A Kingsville man who owned restaurants in Baltimore and Anne Arundel counties was sentenced to four months in federal prison Thursday followed by four months' home detention after pleading guilty to the "harboring of unlawful aliens for financial gain."
George Anagnostou, 41, will report for incarceration on Jan. 3, leaving behind his four children, a troubled marriage and an ailing business — having already sold at least two others to pay his bills. He was ordered to forfeit nearly $750,000 in assets to the government earlier this month.
"His perspective that the rules didn't apply to him have led him here today," said Assistant U.S. Attorney Rachel Miller Yasser. He broke the law "continuously for 11 years straight."
Prosecutors pushed for a relatively stiff sentence, given Anagnostou's lack of a criminal history, to send a message to the business community that employing illegal residents will not be tolerated. A fine alone is an inadequate deterrent, Yasser argued, because restaurant owners would simply perform a "cost-benefit analysis" and continue the behavior if it paid off.
"There has to be a higher price for breaking the law," Yasser said, "especially in this case."
Nearly 30 people living in the country illegally were taken into custody for questioning in March, after federal and local authorities raided two of Anagnostou's restaurants — Timbuktu in Hanover and By the Docks in Middle River — along with two of his residential properties. He admitted to housing at least 24 "unauthorized alien employees," according to court records.
Most of the former employees were released after processing, said Ernestine Fobbs, a spokeswoman for U.S. Immigration and Customs Enforcement, but still face deportation. Six people who had outstanding deportation orders were held in custody. The raids focused on Anagnostou, Fobbs said, and not the illegal workers.
According to court records, Anagnostou was a repeat offender.
Timbuktu had been ordered to "cease and desist" from employing illegal immigrants in April 2000, shortly after Anagnostou bought the business from a cousin. He continued to employ the individuals at that restaurant, however, and brought similarly situated employees into By the Docks after becoming a co-owner in 2005, records show.
He has since sold his interest in the second restaurant, along with a shopping center, according to an employee's testimony Thursday morning.
A statement of facts within his plea agreement claims that Anagnostou instructed his staff to "stop asking questions" when presented with "obviously fake or fraudulent identification documents." He disregarded a warning from the Social Security Administration about mismatched identification numbers, and he guaranteed "continued labor" by housing the workers at a half-dozen properties, court records state.
Yasser said the conditions of some properties were deplorable: overcrowded, unsafe and poorly maintained.
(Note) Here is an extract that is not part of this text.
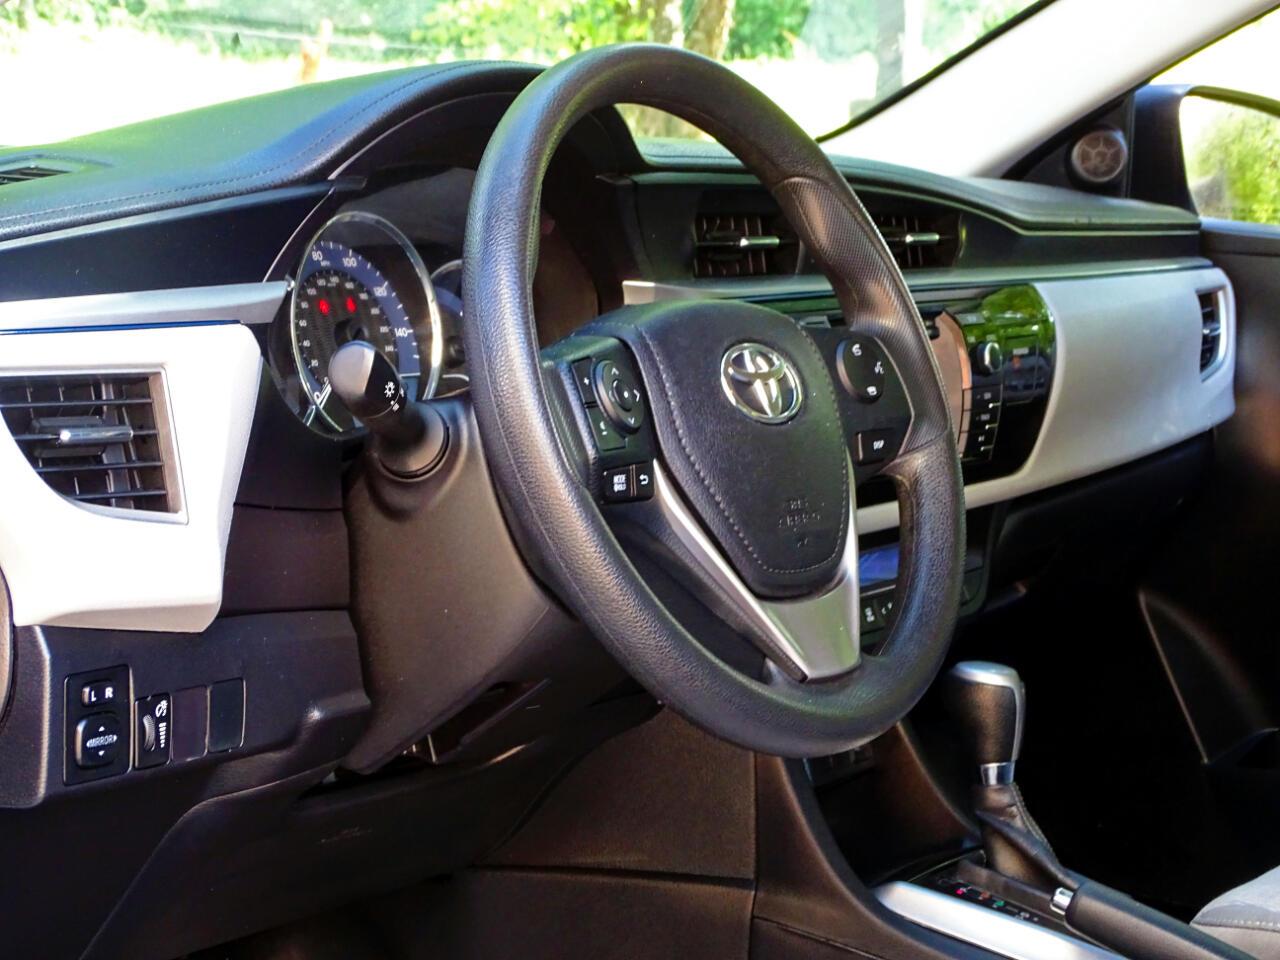 2016 Toyota Corolla 4dr Sdn CVT S w/Special Edition Pkg (Natl)
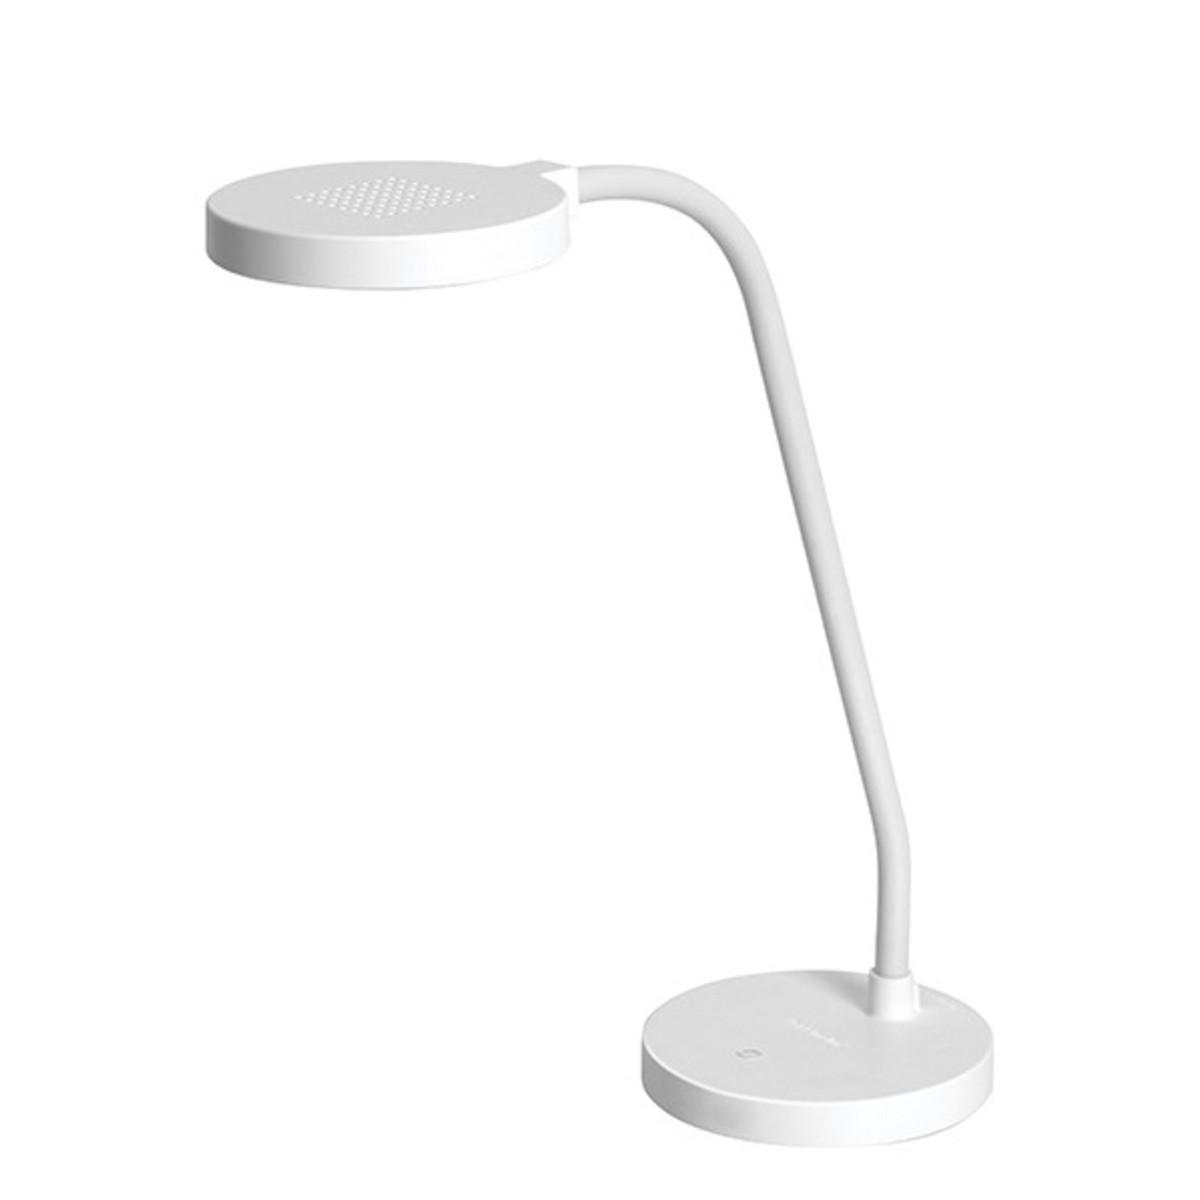 博視燈 Air 3 - 白色【香港行貨】

One residence burned nearly to the ground on Valentine's Day this year.
"The defendant employed these unlawful aliens precisely because of their" vulnerable status,Yasser said. "He didn't do this out of the goodness of his heart because he wanted to help people."
But Anagnostou's attorney, David B. Irwin, said the workers "loved it" and "flocked" to Anagnostou, who paid above minimum wage and offered time-and-a-half for overtime hours — in cash, however, without withholding the required taxes.
"If he hadn't given them the substandard places to live," they would have looked for similarly inexpensive dwellings elsewhere, Irwin said, claiming that the illegal workers brought their families into the homes, making them overcrowded.
Some of those workers are now working for Timbuktu's competitors, Irwin said, urging the government to again go after them, to level the playing field.
Irwin asked that his client be given probation, claiming Anagnostou had suffered enough by having to forfeit $730,000 in cash and a 2009 Harley Davidson motorcycle — assets the government said were traceable to the offense. Anagnostou's marriage is on shaky ground because of the financial pressures, Irwin said, and the family is likely to lose Timbuktu if Anagnostou is imprisoned.
Anagnostou choked back tears as he addressed the court. "I'm just sorry for my actions and the stress that I caused my family and my staff," he said, adding that he has "taken great measures to assure that this will not happen again."
Several high-profile business leaders — including John Paterakis Sr., who founded H&S Bakery before becoming a developer, and Martin Resnick, who owns Martin's Caterers — wrote letters supporting leniency for Anagnostou.
But U.S. District Judge William M. Nickerson said the crime deserved more than probation.
He commended Anagnostou for his commitment to family and country — Anagnostou is a 1991 Persian Gulf War veteran — shortly before delivering his sentence.
But Nickerson said of incarceration, "I believe that is mandated."